The current study was subject to several limitations. First, we included mainly scientific experts working in academia, and selected no other stakeholders who may have different views on this topic. However, as mentioned in the result section, 10 of the experts were members of the advisory councils involved in PH decision-making and 6 of them worked in governmental institutions performing research which generates evidence for informing policy decisions. Aside from this limitation, we think we have interviewed experts with considerable experience and a thorough knowledge of the study topic. As noted in the result section, on average our experts have 22 years of work experience; their knowledge is also indicated by the fact that they mentioned more than 300 NHOs in total.

A second limitation of our study might be the limited operationalisation of the different NHO terms, as the experts discussed NHOs in general terms. In other words, this qualitative research resulted in a limited level of detail in the description of NHOs in comparison with quantitative studies especially designed to measure NHOs in an EE of a specific PH intervention.

Third, between the two researchers who performed the coding, some disagreement was observed in coding the interviews. This was related to the difference in the level of detail in the initial coding by one of the two researchers. However, in consensus meetings with the various authors any discrepancies were discussed and resolved.

Fourth, the expert interviews were held more than 3 years ago. While it is possible that some of the experts’ views have changed in light of new evidence, we do not expect considerable changes in their views, as no experts expressed a wish to change the description of their views when they read the transcripts of interviews as we started to write this manuscript. In addition, recent publications highlight the importance of considering NHOs in the evaluation of mental health interventions and interventions to manage overweight and obesity, which were also identified in this study (e.g. self-esteem) [10, 48].

Fifth, as already noted, our definition of the broader outcomes was a research restriction. We defined non-health outcomes as all outcomes that were not measured using the EQ-5D. While this definition is in line with common economic evaluation practice, current health outcomes could also be defined in a broader fashion by using broader outcome instruments such as the capability indices as a reference [34].
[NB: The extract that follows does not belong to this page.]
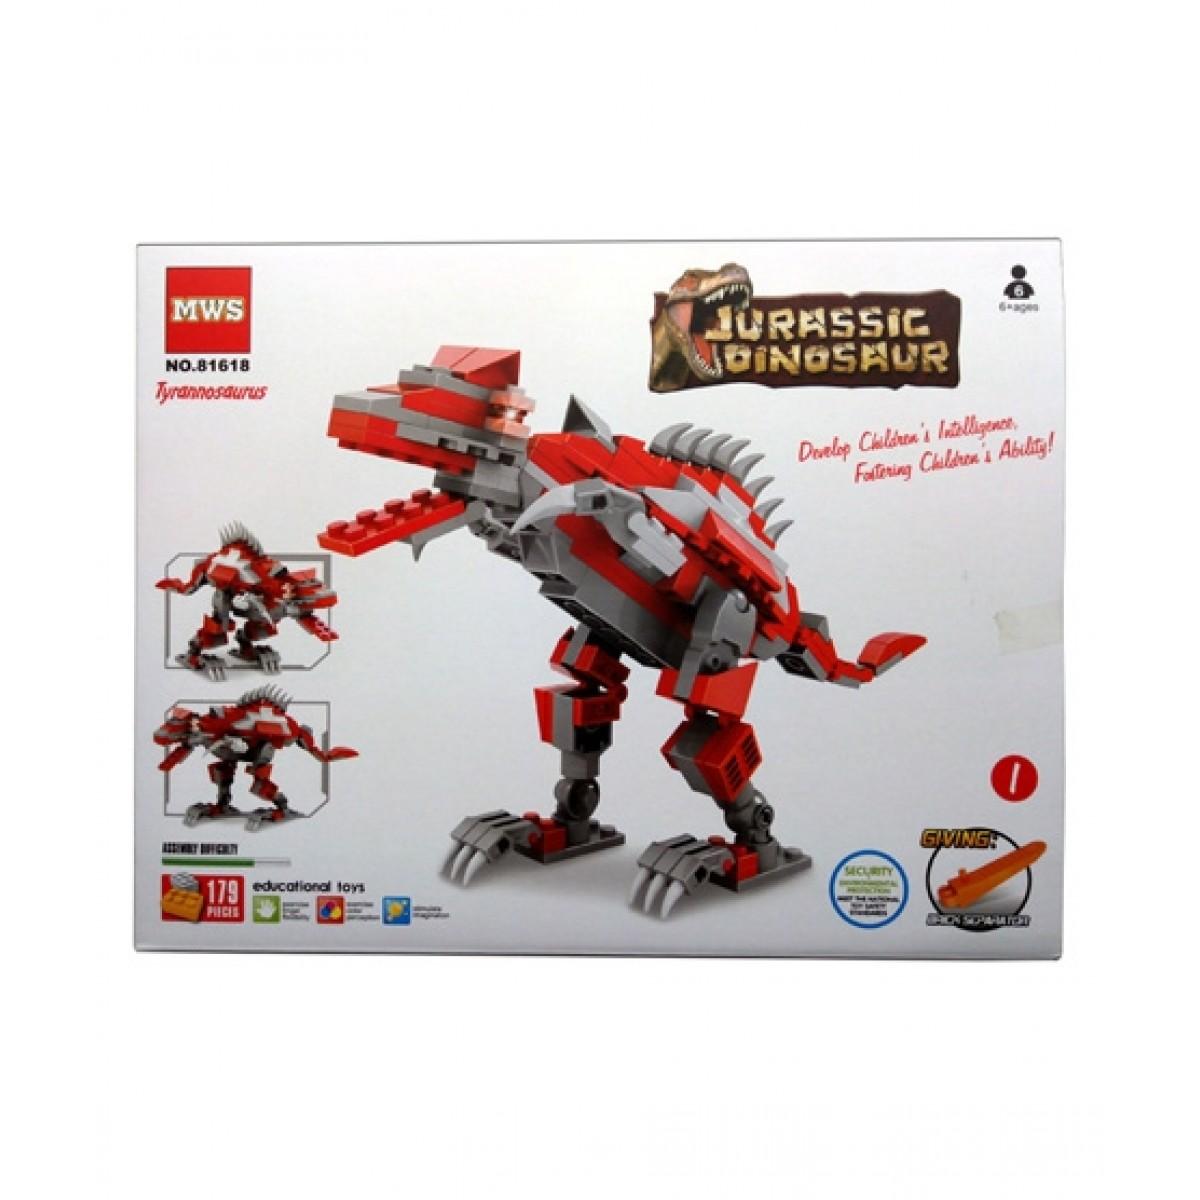 Planet X Jurassic Dinosaur Tyrannosaurus Building Blocks Red (PX-9777)

Finally, some of the NHOs mentioned by experts, such as changes in lifestyle behaviors (e.g., an increase in sport activities or reduction of alcohol use), defined in our study as (un) healthy behaviors, are included as effectiveness measures of the PH interventions in the economic evaluation studies.

Conclusions

Leading experts indicate that there is a very broad field of NHOs on all three levels – individual, direct social, and societal - which can be relevant in measuring the outcomes of public health interventions, and a majority of experts are in favor of developing a new instrument to identify and measure broader outcomes in the economic evaluations of public health interventions. Future research needs to focus on instrument development, addressing the challenges raised by multiple conflicting requirements. In addition, an open discussion needs to be started with all stakeholders regarding which steps need to be taken for future research on this topic.